• [EXERCISE DETAILS]: Under this line are the records; repeat exactly the lines starting at the one containing "A very large" and ending at the one containing "4Pcs Kids Baby", omitting pictures.

• [RECORDS PROVIDED]:
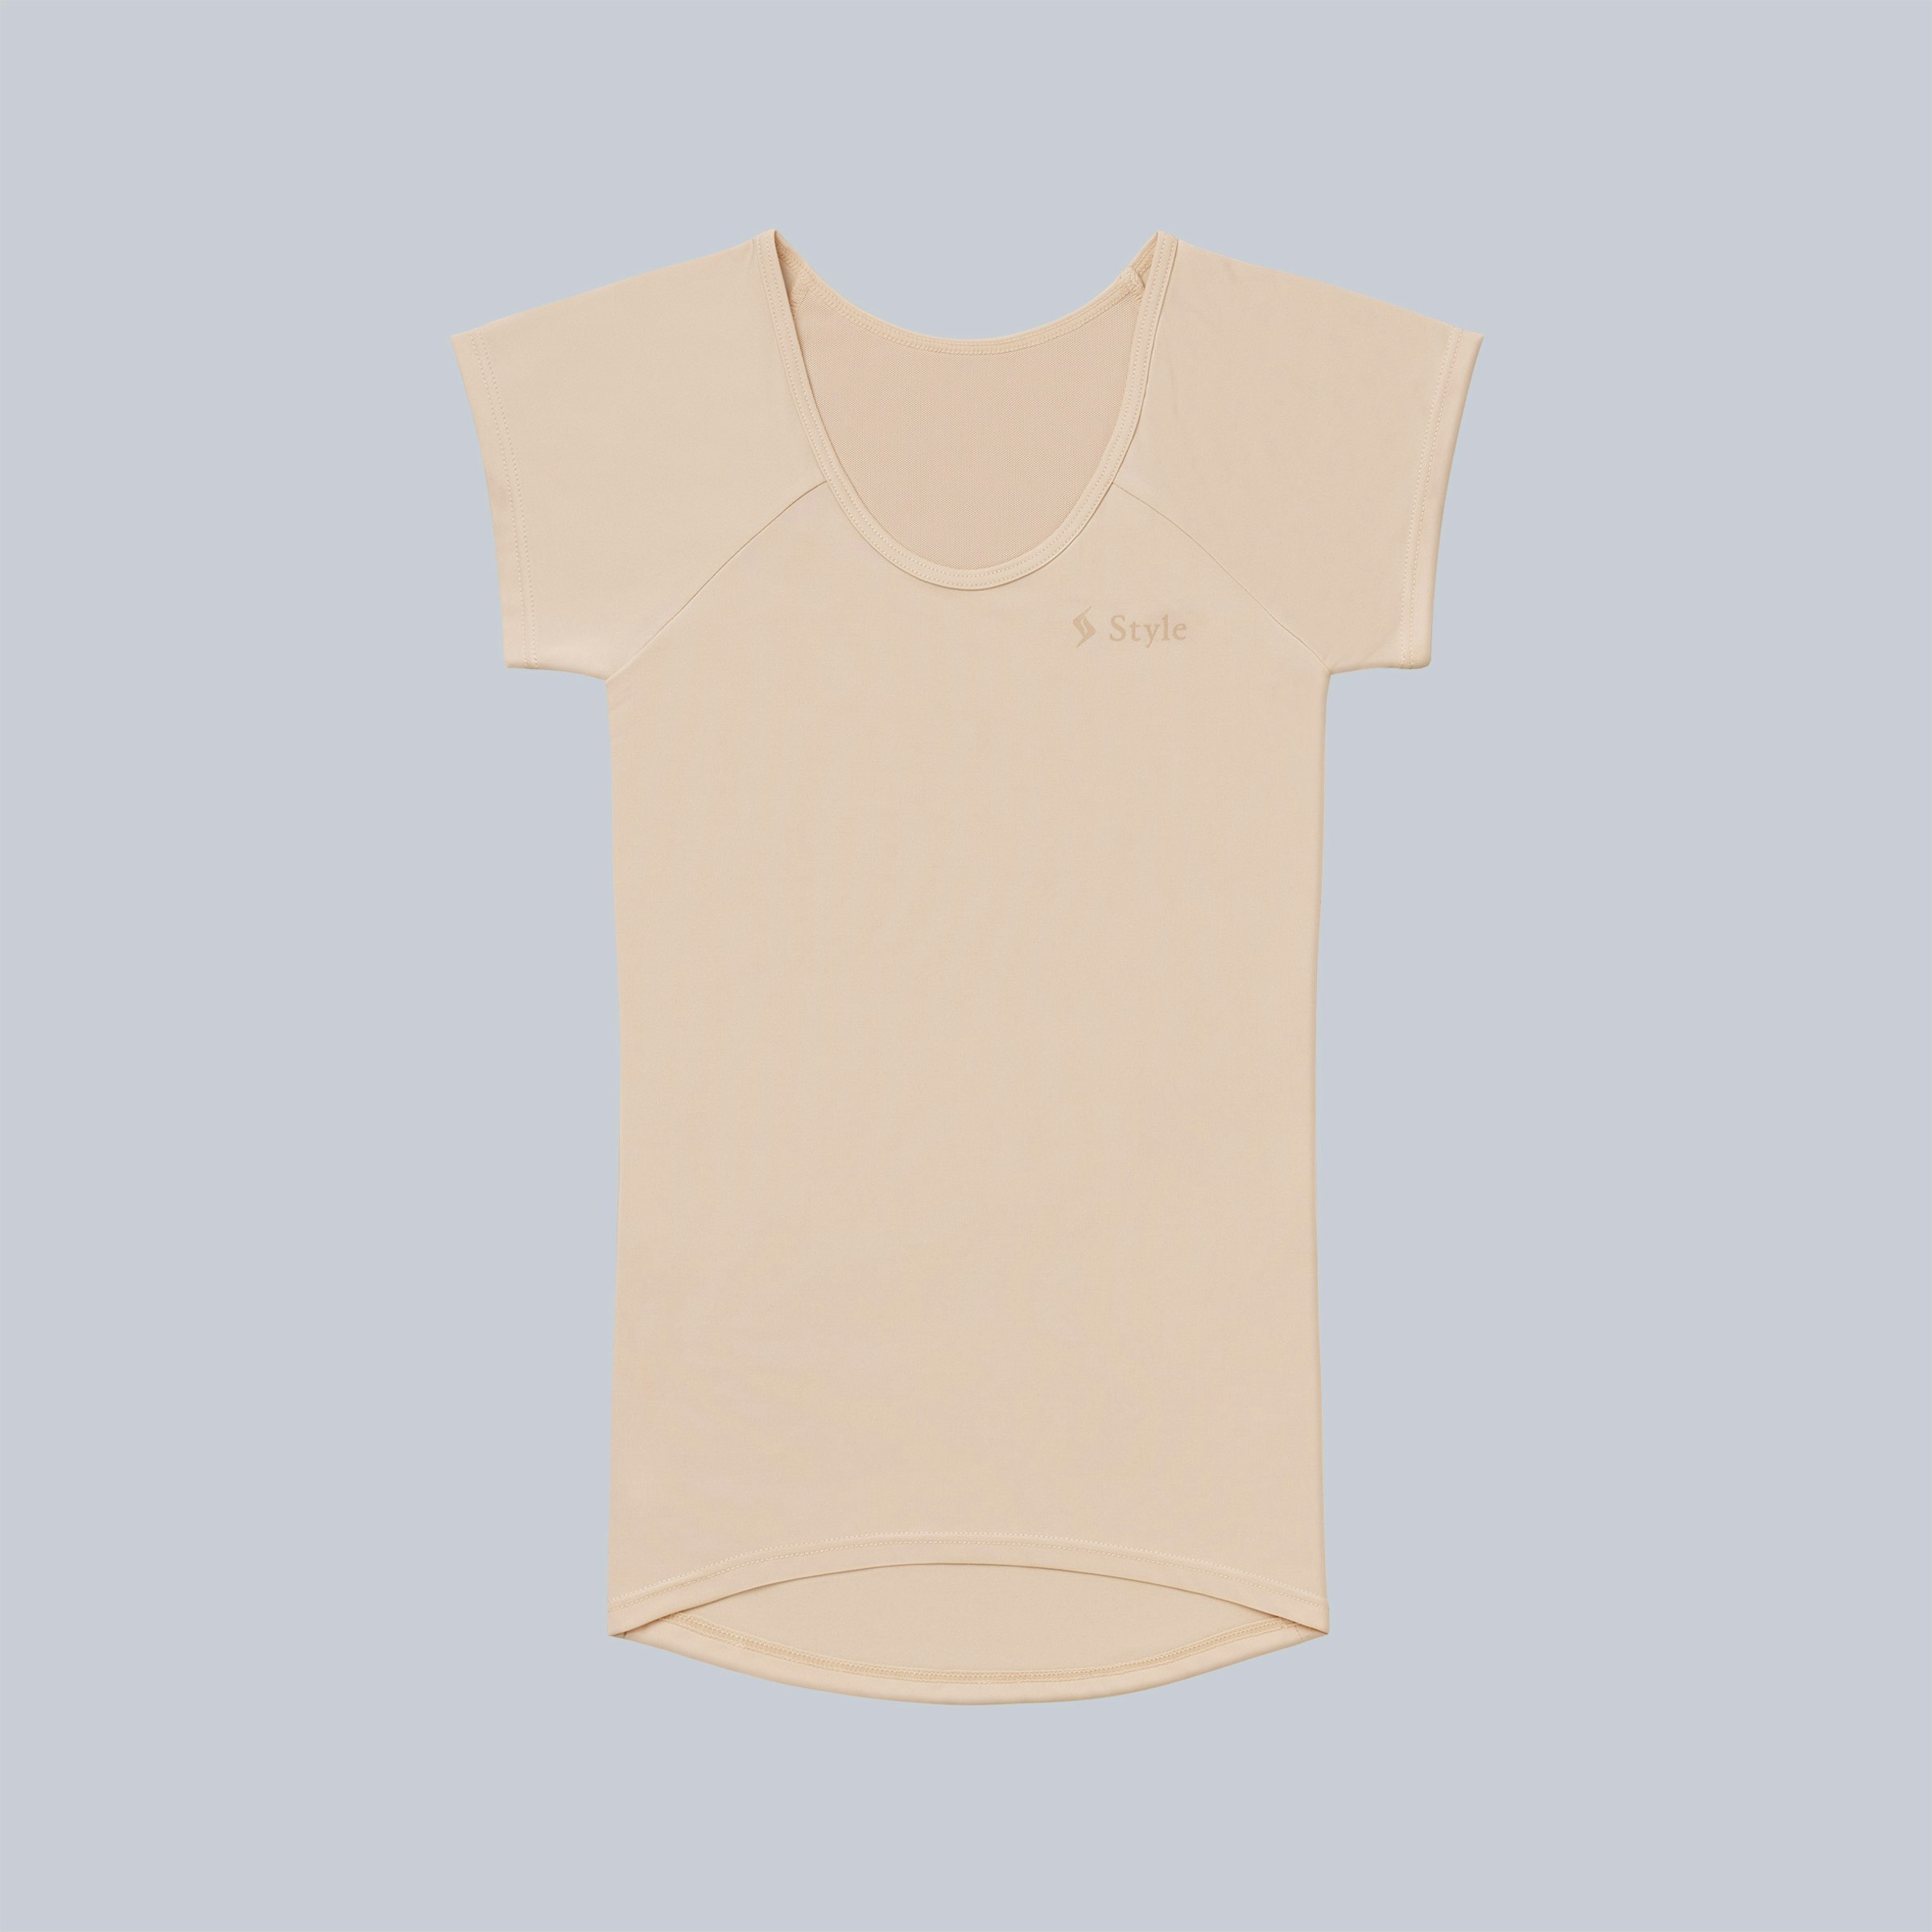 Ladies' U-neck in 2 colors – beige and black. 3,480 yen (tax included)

==

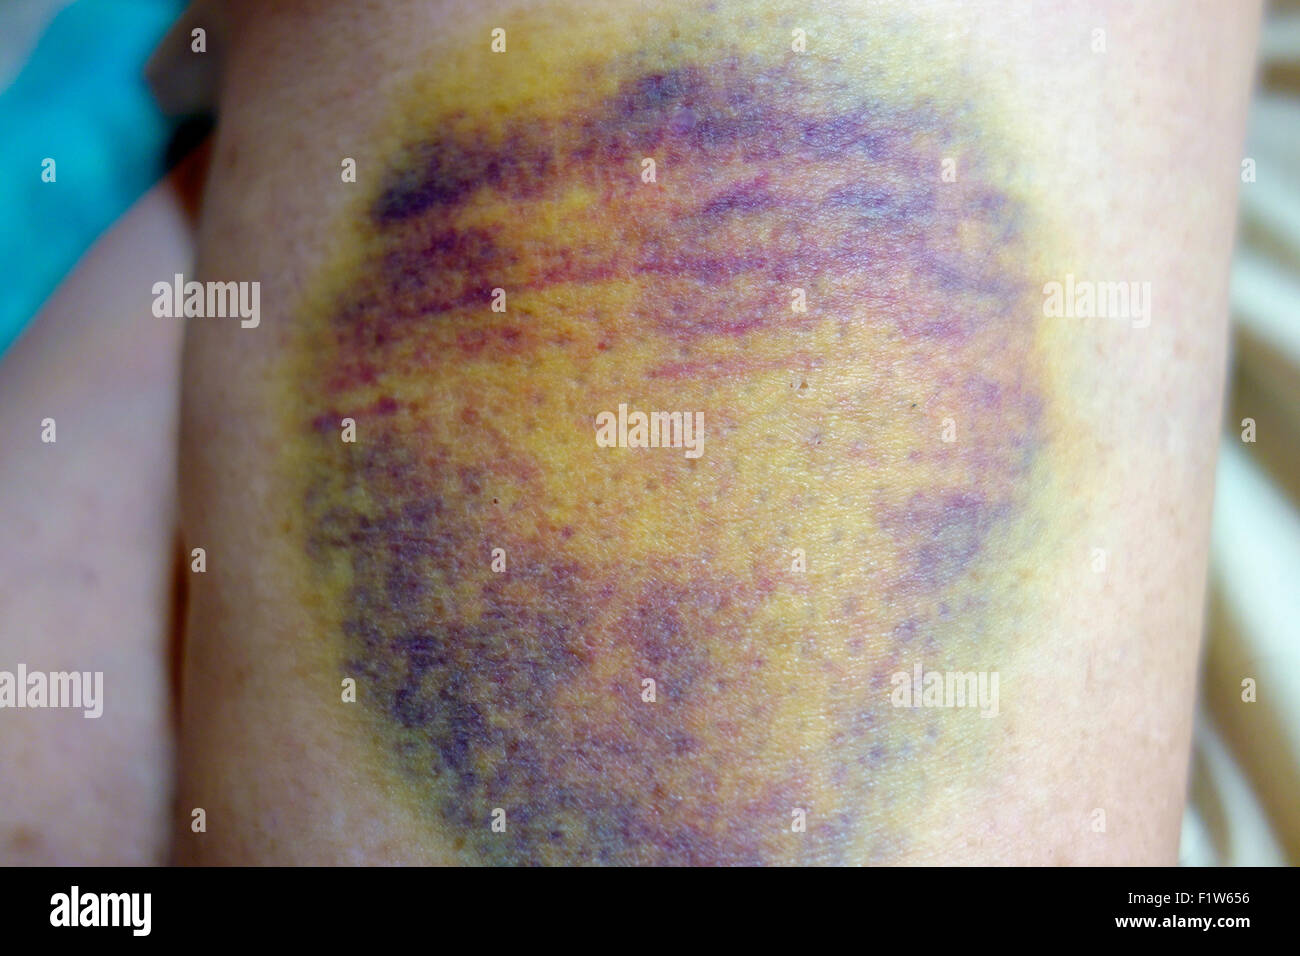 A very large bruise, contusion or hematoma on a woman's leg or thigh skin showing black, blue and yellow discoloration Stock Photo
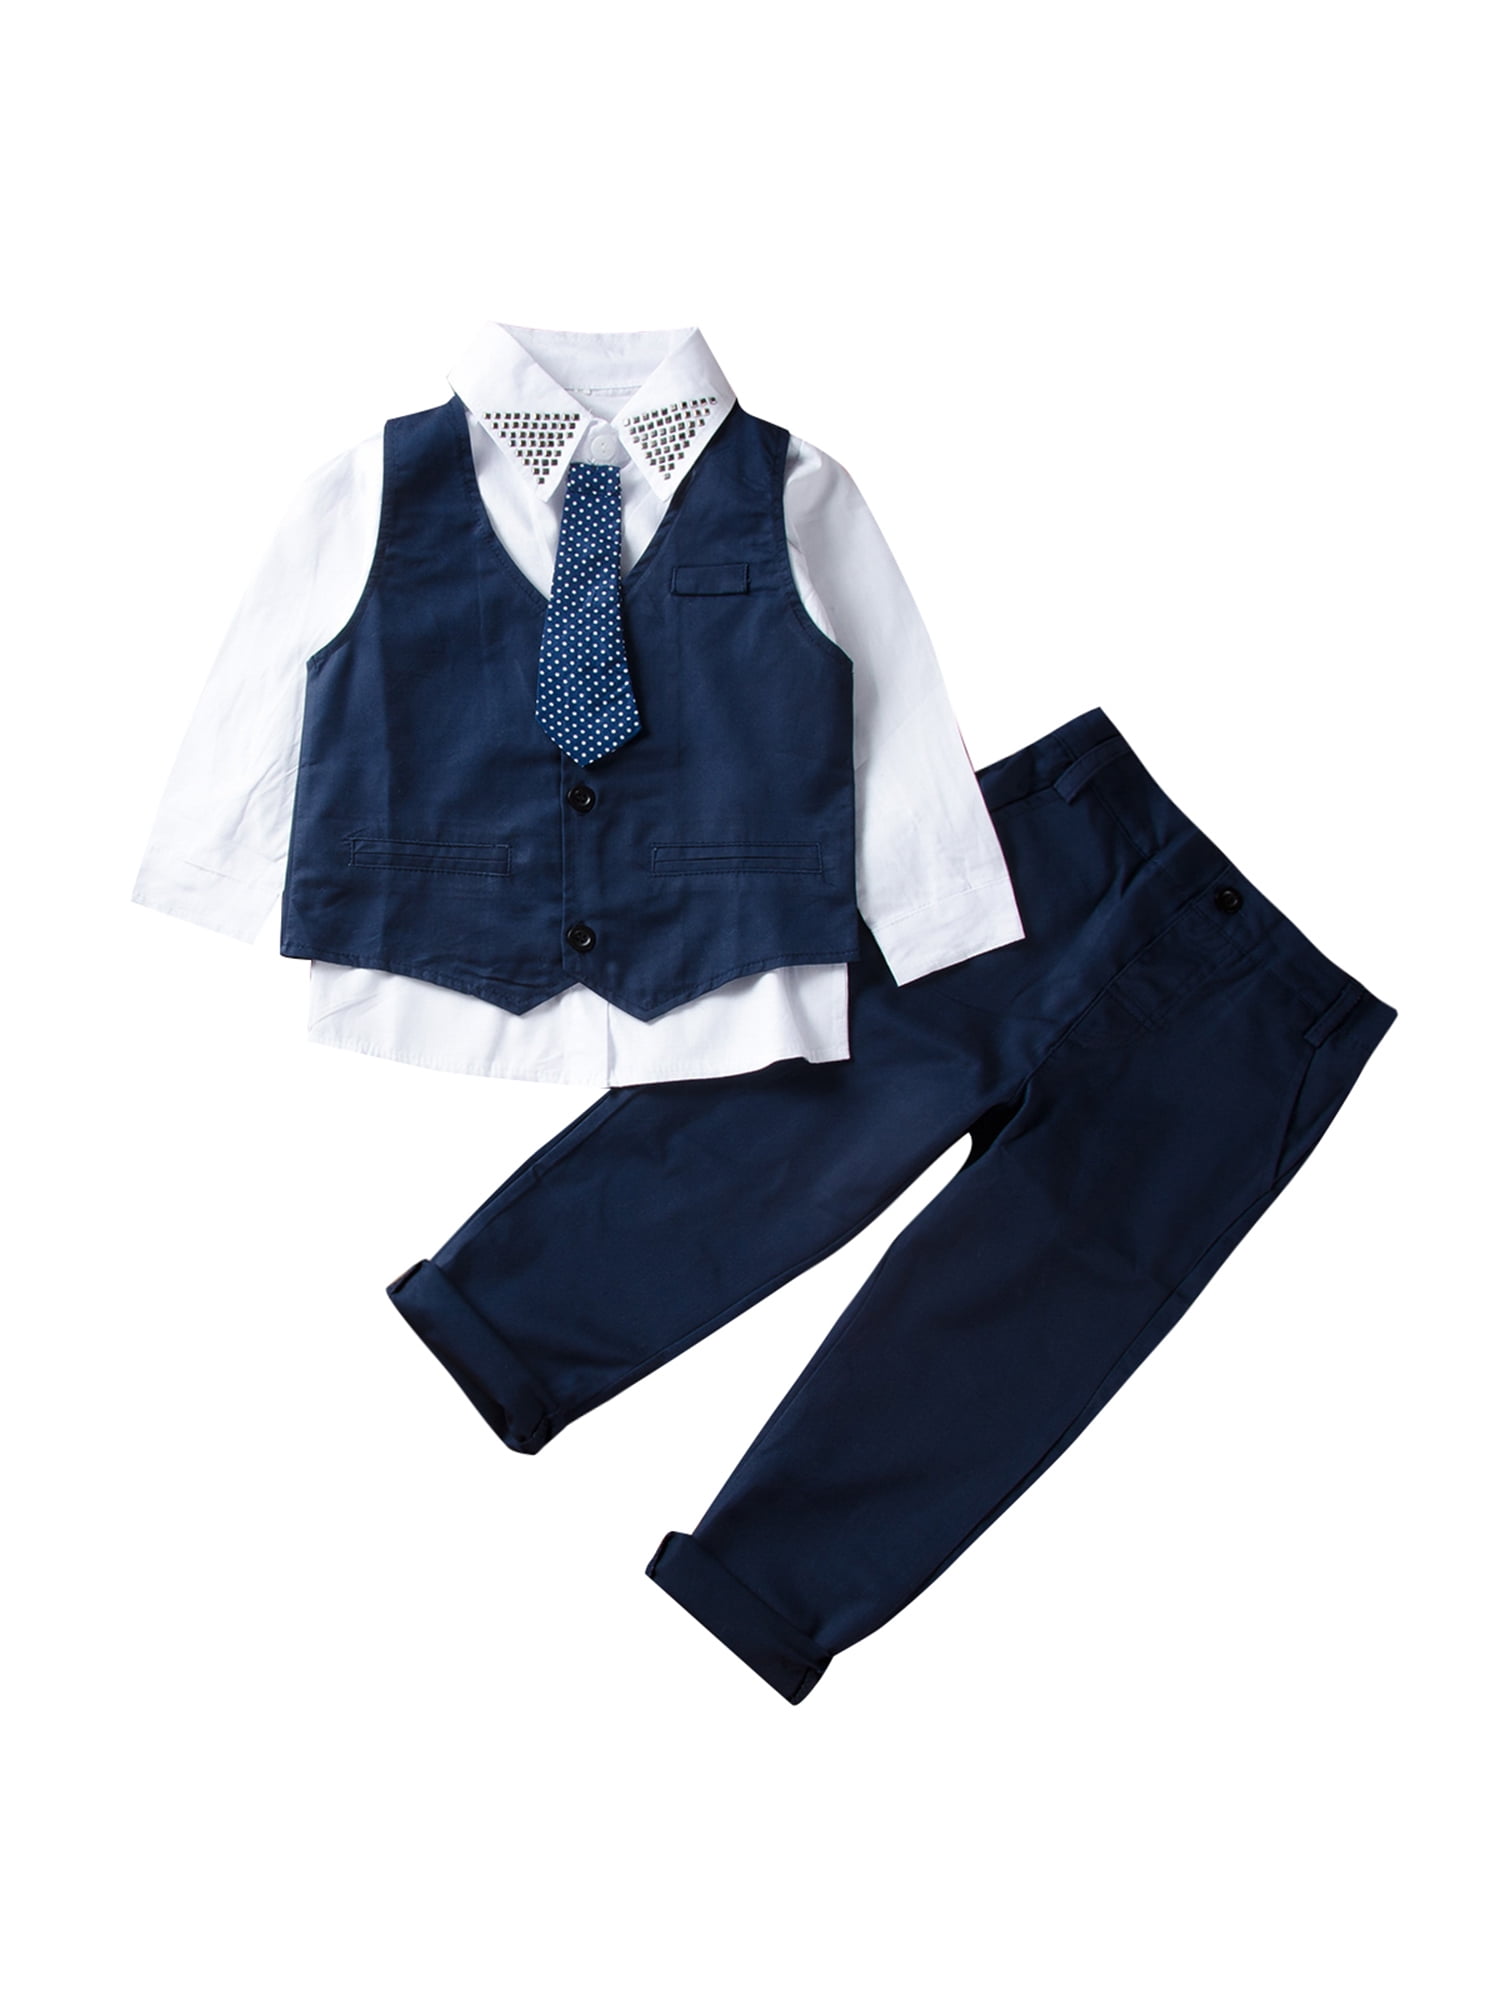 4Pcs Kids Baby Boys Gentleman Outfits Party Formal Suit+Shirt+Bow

• [FINAL ANSWER]:
 A very large bruise, contusion or hematoma on a woman's leg or thigh skin showing black, blue and yellow discoloration Stock Photo
 4Pcs Kids Baby Boys Gentleman Outfits Party Formal Suit+Shirt+Bow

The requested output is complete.